My Quest To Teach

June 15, 2018

WordCamp Jacksonville An International Conference of Technology and Diversity

Filed under: #WordCamp,Blacks In Technology,Education — William Jackson @ 11:45

WordCamp Jacksonville An International Conference of
Technology and Diversity
by William Jackson #MyQuestToTeach

WordCamp Jacksonville was well attended by
participants and speakers as far away as Nigeria,
Africa; Miami, Georgia and several Midwestern states.
The excitement of sharing the growth of web
development,  digital platforms and tools directly
related to content creation and web development
shows a phenomenal growth in the need to be
involved in Social Media and associated
technologies.
Attended by several hundred, the conference in
its third year contained a Kids Camp that was
dedicated to teaching ages 7 to 13 how to build
and manage a WordPress site.
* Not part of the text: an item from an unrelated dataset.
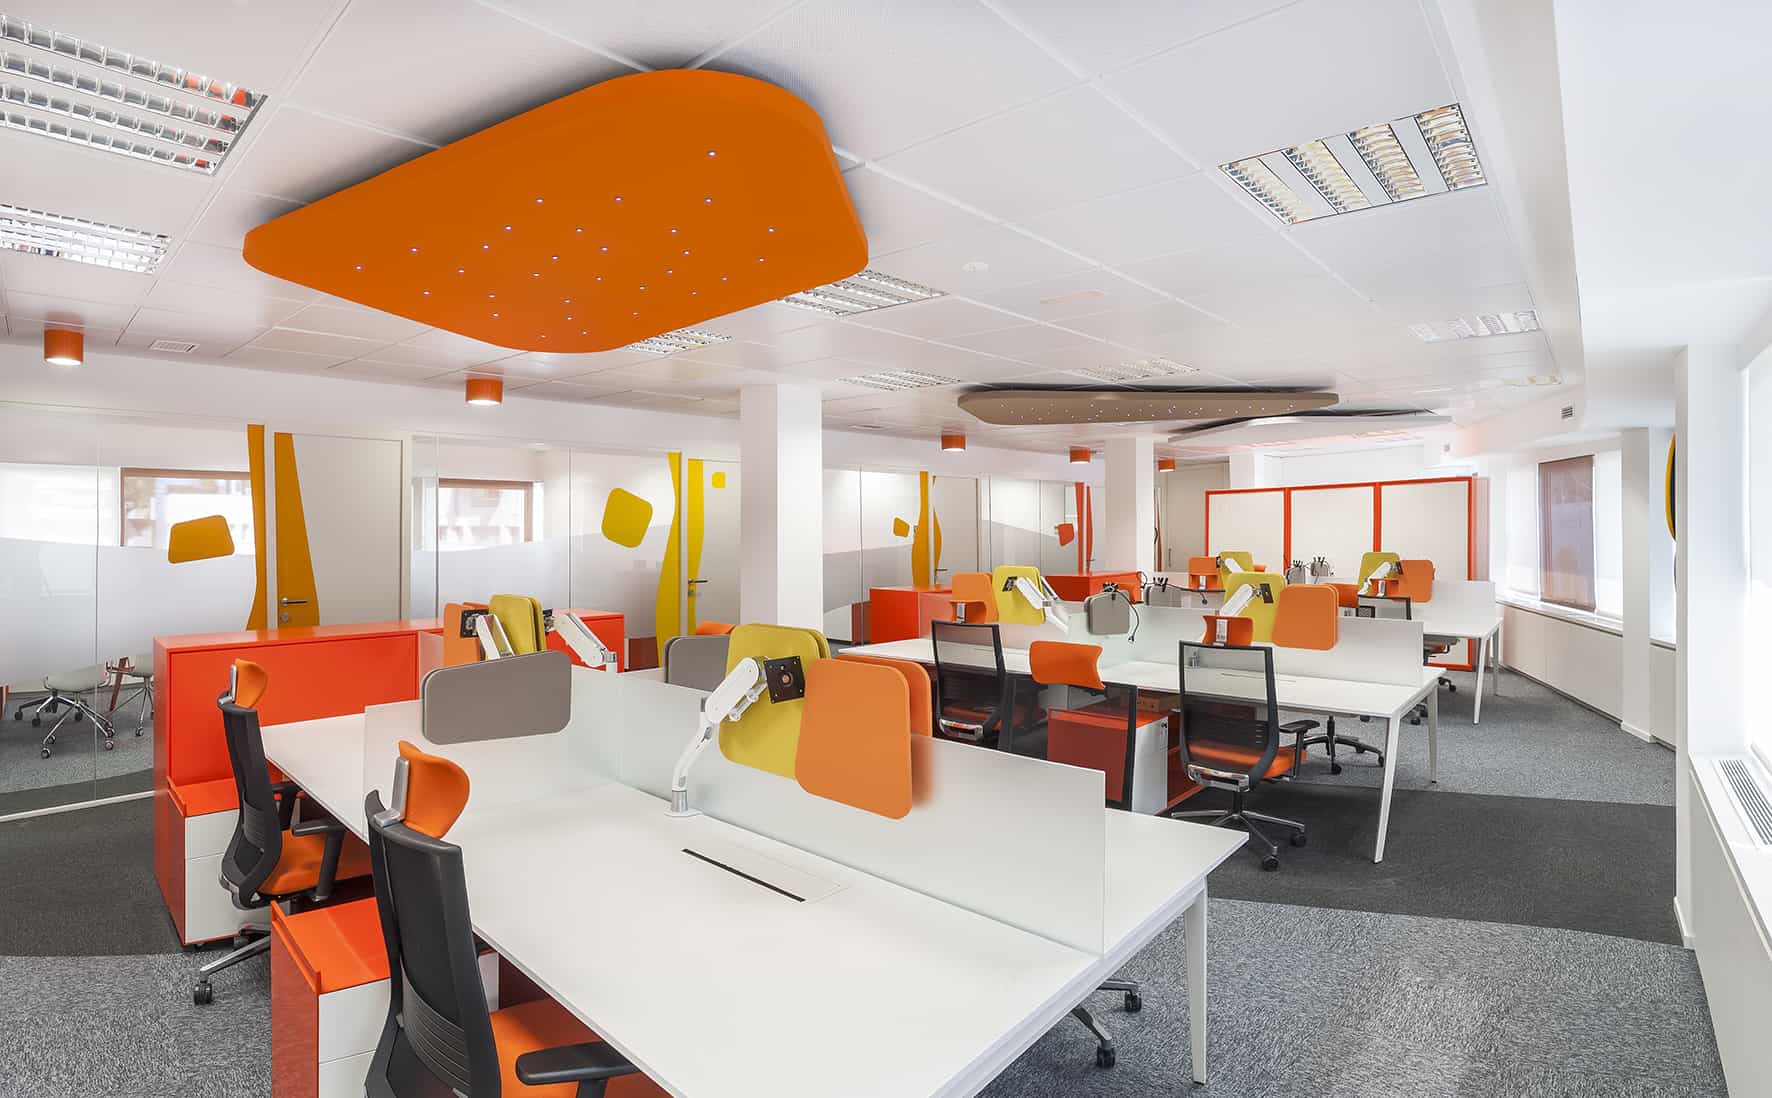 Philip Morris_Galería_zona de trabajo con puestos operativos en color naranja

Making the
journey into web development fun and relevant
for young people who are future developers,
coders, digital engineers and even business
owners.

The growing diversity of WordCamp Jacksonville
is seen by sponsors of the Kids Camp
William Jackson an educator with Duval County
Public Schools and business owner of My Quest
To Teach. Mr. Jackson speaks, volunteers and
blogs at national and international WordCamp
conferences.

Ms. Aida Correa, Artist, Poet, STEAM educator
and business owner of LoveBuilt Life and a
sponsor of Kids Camp in Jacksonville. Both
Mr. Jackson and Ms. Correa are advocates
of youth, teens and young adults; African
American and Latino respectively they
participate in areas of technology;
attending WordCamp conferences to network
and collaborate in building technology businesses.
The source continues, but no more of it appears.